The oxidation state or oxidation number is a hypothetical charge of an atom when all of its bonds to different atoms are fully ionic. 

It describes degree of oxidation of an atom in a chemical compound. Conceptually, the oxidation no. may be positive, negative or zero.   

 Let oxidation state of Xe be ‘x’

 0 has (-2) and F has (-1) oxidation state.

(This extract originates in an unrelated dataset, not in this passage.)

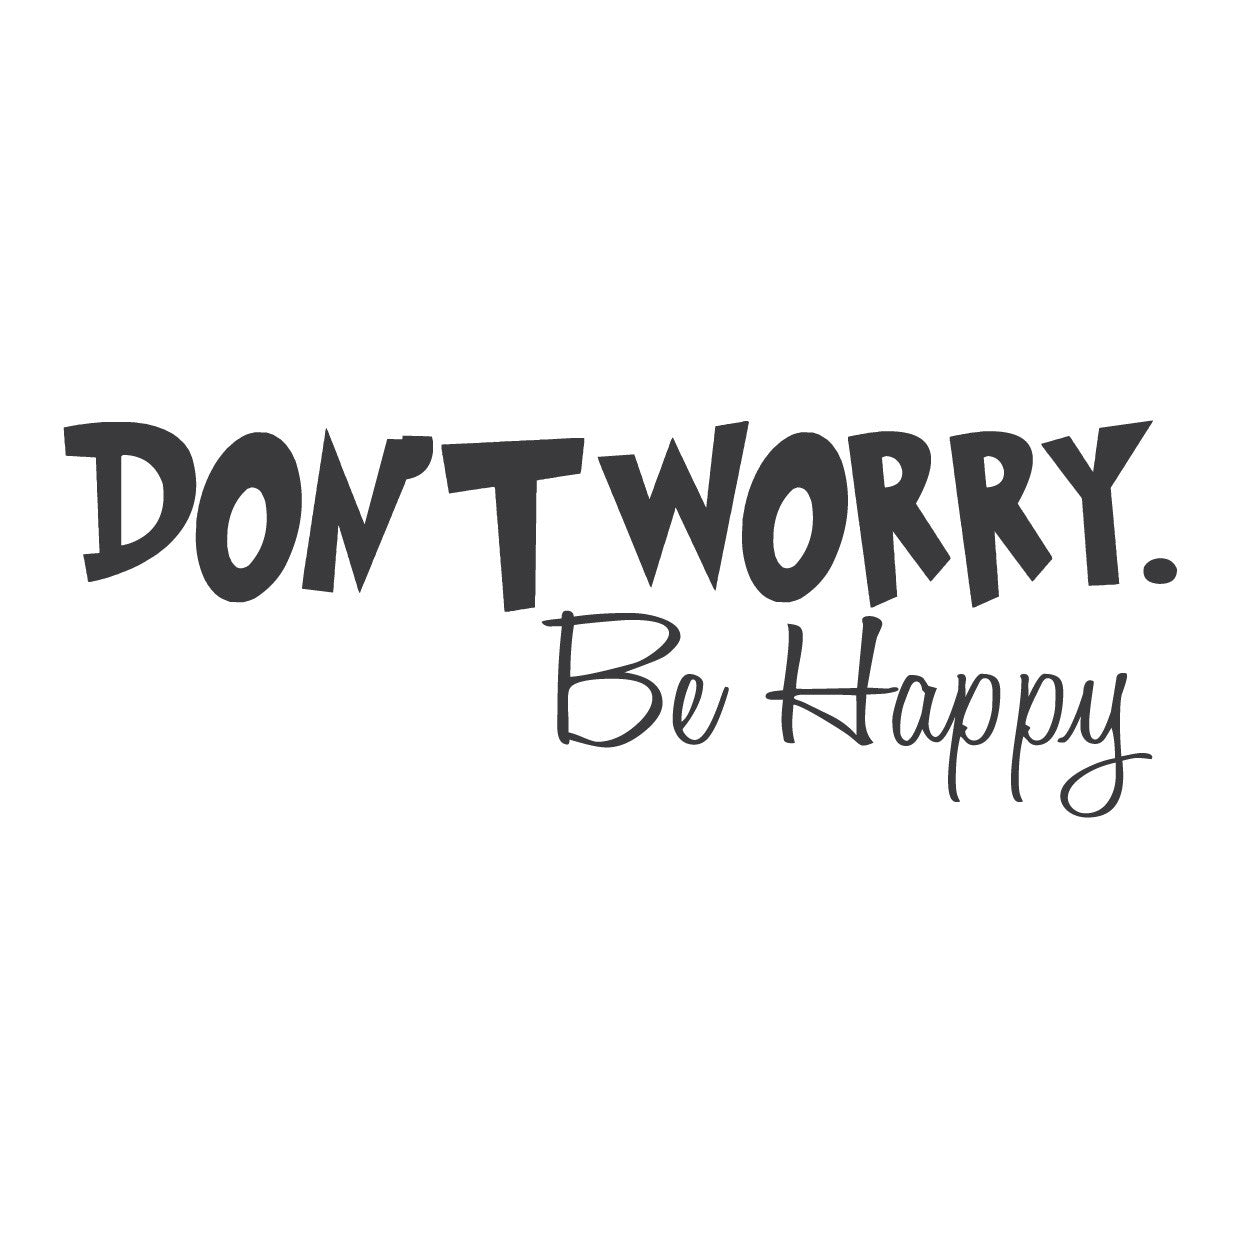 Don t worry dont. Надпись don't worry be Happy. Don't worry be Happy картинки. Донт вори би Хэппи. Надпись донт вори би Хэппи.
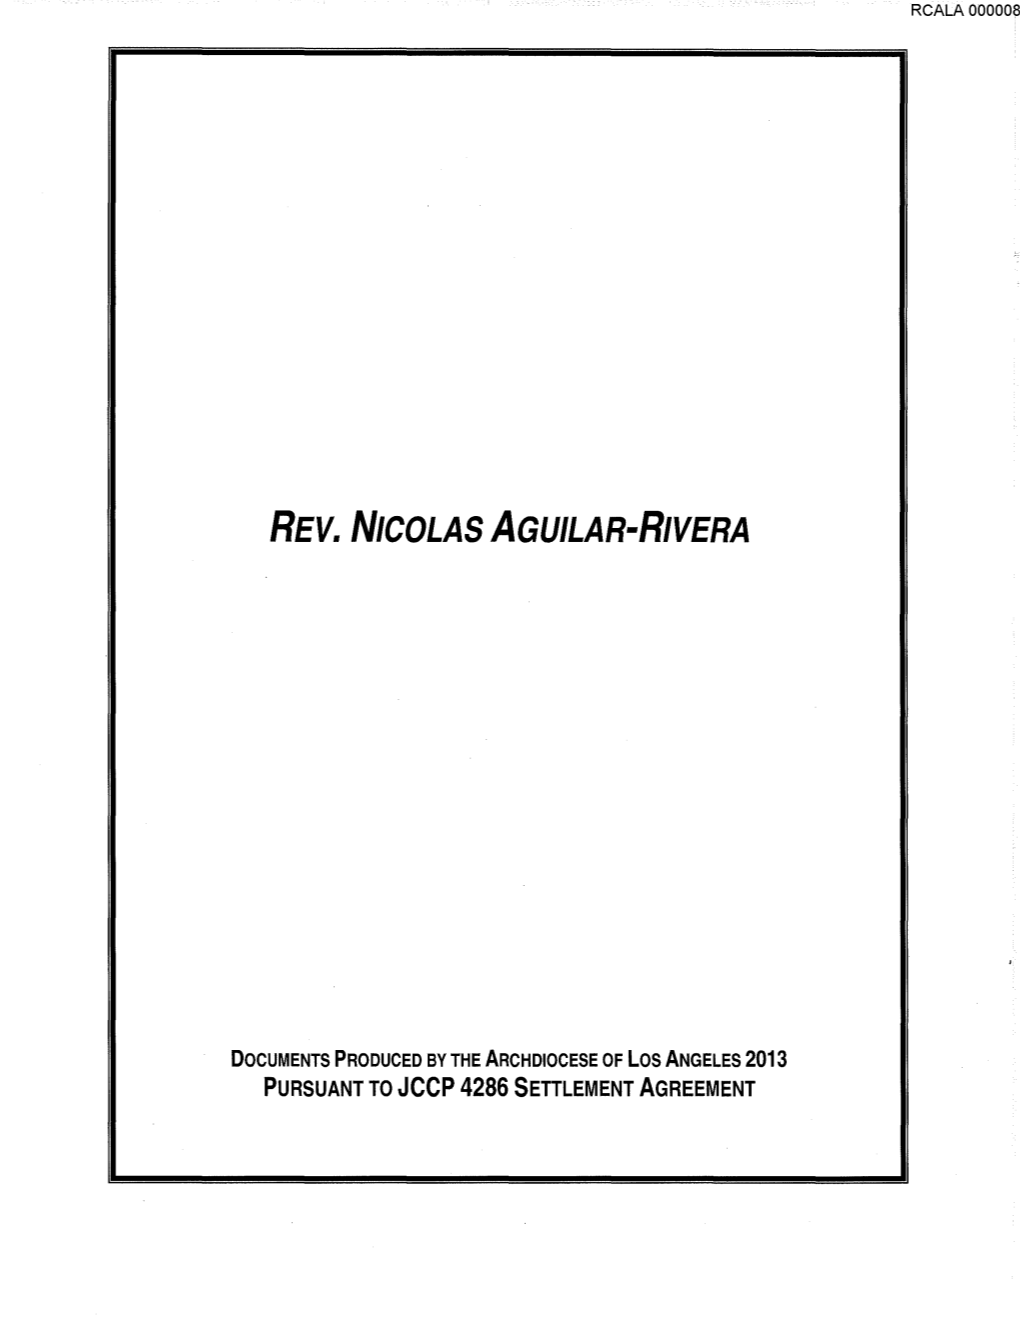 Rev. Nicolas Aguilar-Rivera

We know that the algebraic sum of oxidation no. of all the atoms in a molecule is charge on the molecule. 

(a) \({\rm{Xe}}{{\rm{O}}_{\rm{2}}}{{\rm{F}}_{_{\rm{2}}}}\)                      

 ∴  \(x + 2( - 2) + 2( - 1) = 0\) or, x = +6

(b) \({\rm{Kr}}{{\rm{F}}_{\rm{2}}}\) :  Let oxidation state of Kr be y,    \(y + 2( - 1) = 0\)   or, y = +2   

 (c) \({\rm{XeF}}_{\rm{3}}^{\rm{ + }}\)  :\(x + 3( - 1) =  + 1\)  or, x = +4

 (d) \({\rm{XeO}}_{\rm{6}}^{{\rm{4 - }}}\):  \(x + 6( - 2) =  - 4\)   or, x = +8  

So, the oxidation state of  Xe  in \({\rm{Xe}}{{\rm{O}}_{\rm{2}}}{{\rm{F}}_{_{\rm{2}}}}\) , \({\rm{XeF}}_{\rm{3}}^{\rm{ + }}\) , \({\rm{XeO}}_{\rm{6}}^{{\rm{4 - }}}\) are +6 , +4  and  +8 respectively where oxidation state of Kr in  \({\rm{Kr}}{{\rm{F}}_{\rm{2}}}\)  is +2 .